━━━━━ Raw data ━━━━━

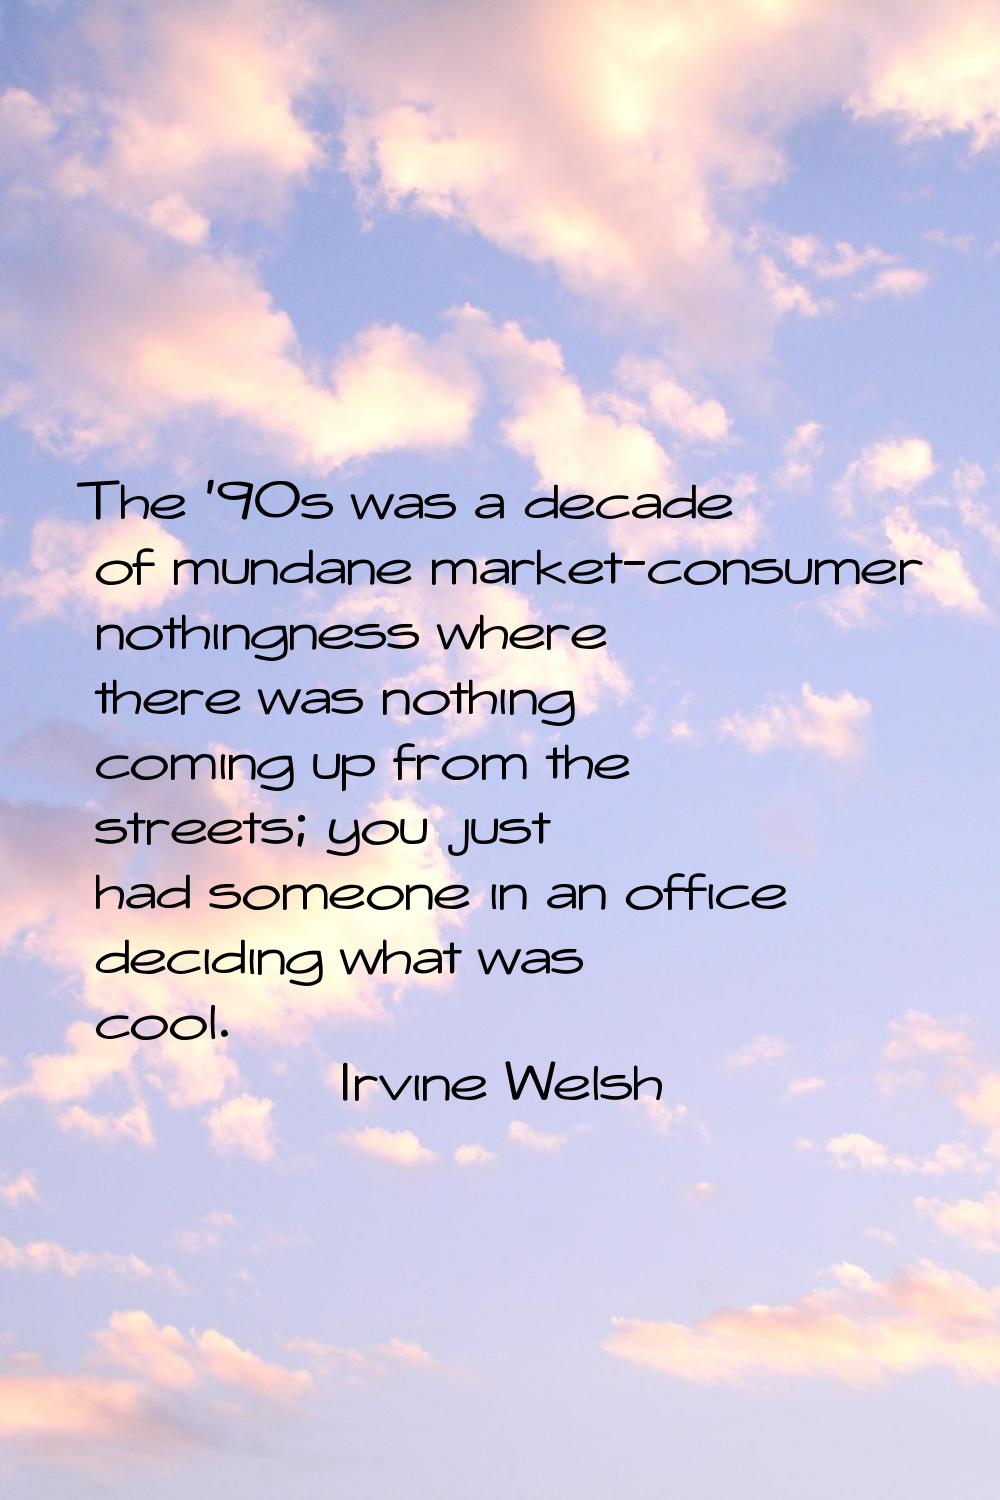 The '90s was a decade of mundane market-consumer nothingness where there was nothing coming up from
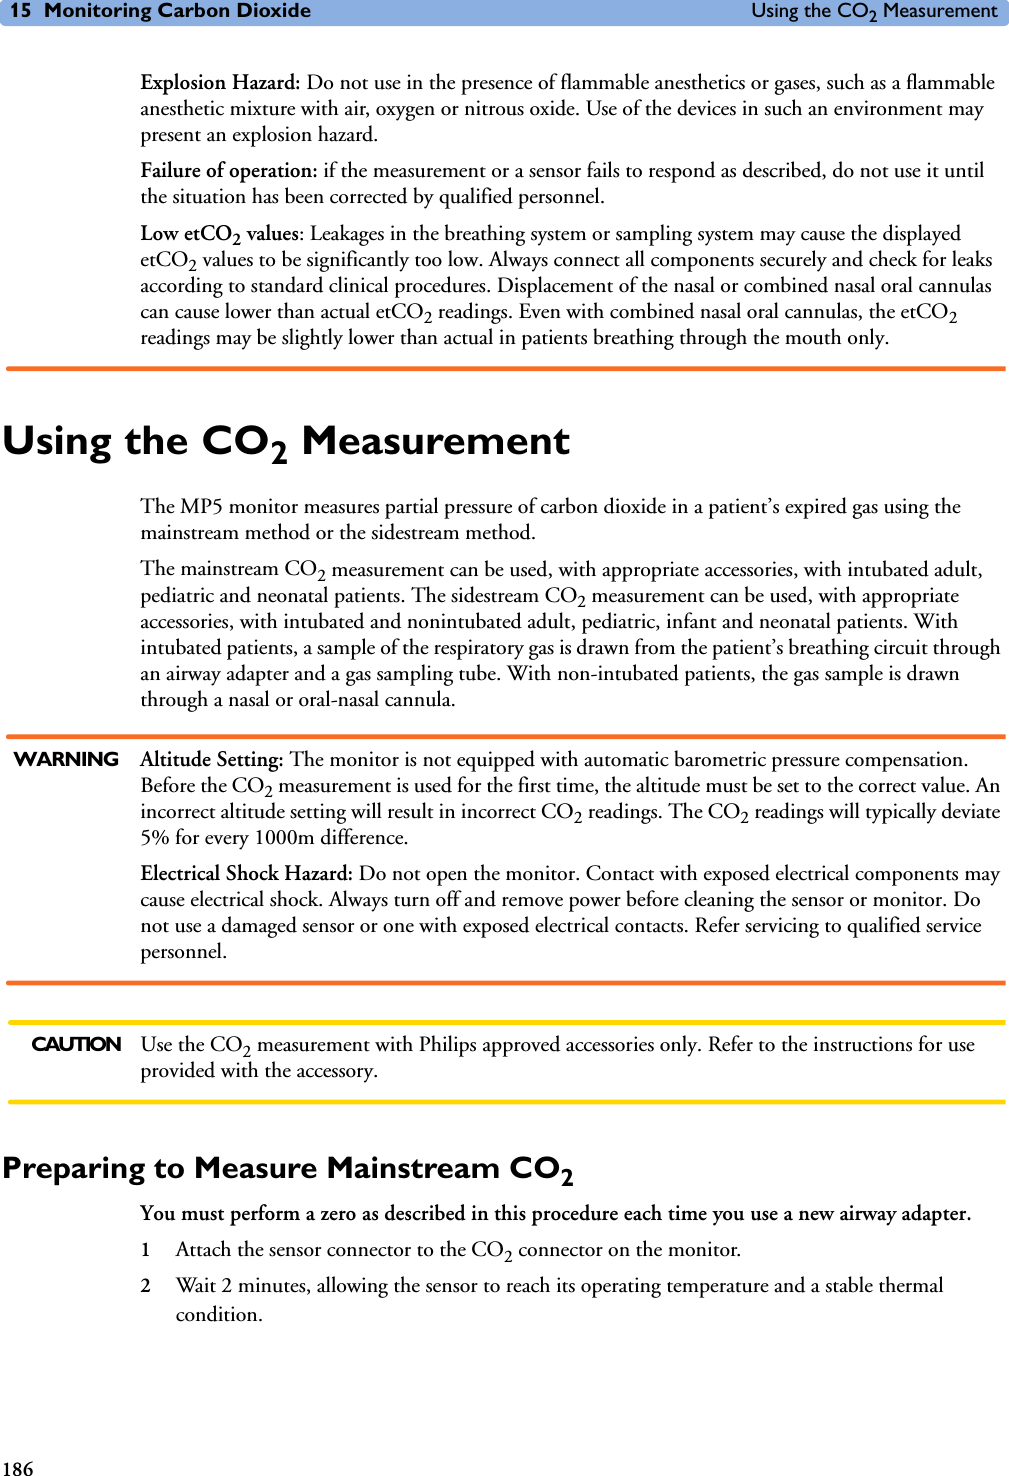 15 Monitoring Carbon Dioxide Using the CO2 Measurement186Explosion Hazard: Do not use in the presence of flammable anesthetics or gases, such as a flammable anesthetic mixture with air, oxygen or nitrous oxide. Use of the devices in such an environment may present an explosion hazard.Failure of operation: if the measurement or a sensor fails to respond as described, do not use it until the situation has been corrected by qualified personnel.Low etCO2 values: Leakages in the breathing system or sampling system may cause the displayed etCO2 values to be significantly too low. Always connect all components securely and check for leaks according to standard clinical procedures. Displacement of the nasal or combined nasal oral cannulas can cause lower than actual etCO2 readings. Even with combined nasal oral cannulas, the etCO2 readings may be slightly lower than actual in patients breathing through the mouth only.Using the CO2 MeasurementThe MP5 monitor measures partial pressure of carbon dioxide in a patient’s expired gas using the mainstream method or the sidestream method.The mainstream CO2 measurement can be used, with appropriate accessories, with intubated adult, pediatric and neonatal patients. The sidestream CO2 measurement can be used, with appropriate accessories, with intubated and nonintubated adult, pediatric, infant and neonatal patients. With intubated patients, a sample of the respiratory gas is drawn from the patient’s breathing circuit through an airway adapter and a gas sampling tube. With non-intubated patients, the gas sample is drawn through a nasal or oral-nasal cannula.WARNING Altitude Setting: The monitor is not equipped with automatic barometric pressure compensation. Before the CO2 measurement is used for the first time, the altitude must be set to the correct value. An incorrect altitude setting will result in incorrect CO2 readings. The CO2 readings will typically deviate 5% for every 1000m difference.Electrical Shock Hazard: Do not open the monitor. Contact with exposed electrical components may cause electrical shock. Always turn off and remove power before cleaning the sensor or monitor. Do not use a damaged sensor or one with exposed electrical contacts. Refer servicing to qualified service personnel.CAUTION Use the CO2 measurement with Philips approved accessories only. Refer to the instructions for use provided with the accessory.Preparing to Measure Mainstream CO2You must perform a zero as described in this procedure each time you use a new airway adapter.1Attach the sensor connector to the CO2 connector on the monitor. 2Wait 2 minutes, allowing the sensor to reach its operating temperature and a stable thermal condition.
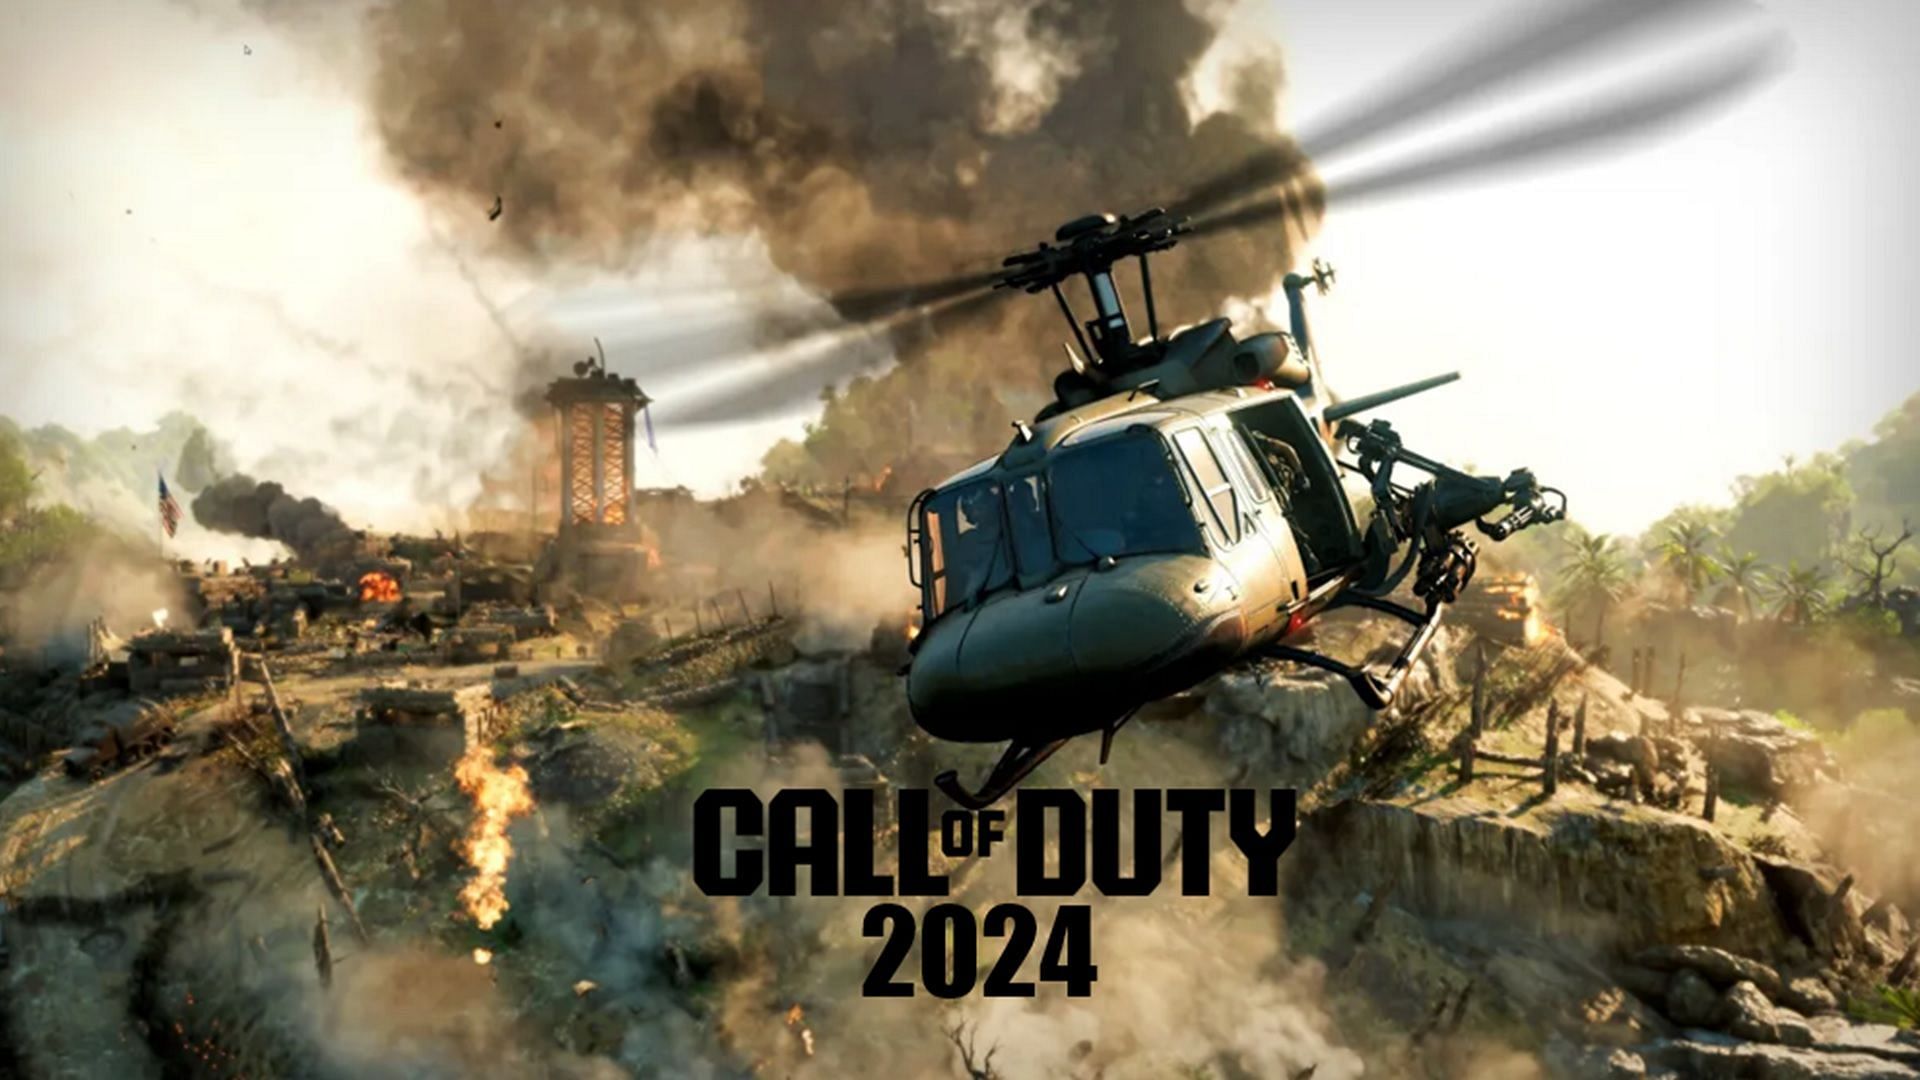 CoD 2024 is expected to release in October (Image via Activision)

━━━━━

**Work order:**
Print the data exactly as written, dropping any images it holds.

**Task answer:**
 The '90s was a decade of mundane market-consumer nothingness where there was nothing coming up from
 15 Monitoring Carbon Dioxide Using the CO2 Measurement186Explosion Hazard: Do not use in the presence of flammable anesthetics or gases, such as a flammable anesthetic mixture with air, oxygen or nitrous oxide. Use of the devices in such an environment may present an explosion hazard.Failure of operation: if the measurement or a sensor fails to respond as described, do not use it until the situation has been corrected by qualified personnel.Low etCO2 values: Leakages in the breathing system or sampling system may cause the displayed etCO2 values to be significantly too low. Always connect all components securely and check for leaks according to standard clinical procedures. Displacement of the nasal or combined nasal oral cannulas can cause lower than actual etCO2 readings. Even with combined nasal oral cannulas, the etCO2 readings may be slightly lower than actual in patients breathing through the mouth only.Using the CO2 MeasurementThe MP5 monitor measures partial pressure of carbon dioxide in a patient’s expired gas using the mainstream method or the sidestream method.The mainstream CO2 measurement can be used, with appropriate accessories, with intubated adult, pediatric and neonatal patients. The sidestream CO2 measurement can be used, with appropriate accessories, with intubated and nonintubated adult, pediatric, infant and neonatal patients. With intubated patients, a sample of the respiratory gas is drawn from the patient’s breathing circuit through an airway adapter and a gas sampling tube. With non-intubated patients, the gas sample is drawn through a nasal or oral-nasal cannula.WARNING Altitude Setting: The monitor is not equipped with automatic barometric pressure compensation. Before the CO2 measurement is used for the first time, the altitude must be set to the correct value. An incorrect altitude setting will result in incorrect CO2 readings. The CO2 readings will typically deviate 5% for every 1000m difference.Electrical Shock Hazard: Do not open the monitor. Contact with exposed electrical components may cause electrical shock. Always turn off and remove power before cleaning the sensor or monitor. Do not use a damaged sensor or one with exposed electrical contacts. Refer servicing to qualified service personnel.CAUTION Use the CO2 measurement with Philips approved accessories only. Refer to the instructions for use provided with the accessory.Preparing to Measure Mainstream CO2You must perform a zero as described in this procedure each time you use a new airway adapter.1Attach the sensor connector to the CO2 connector on the monitor. 2Wait 2 minutes, allowing the sensor to reach its operating temperature and a stable thermal condition.
 CoD 2024 is expected to release in October (Image via Activision)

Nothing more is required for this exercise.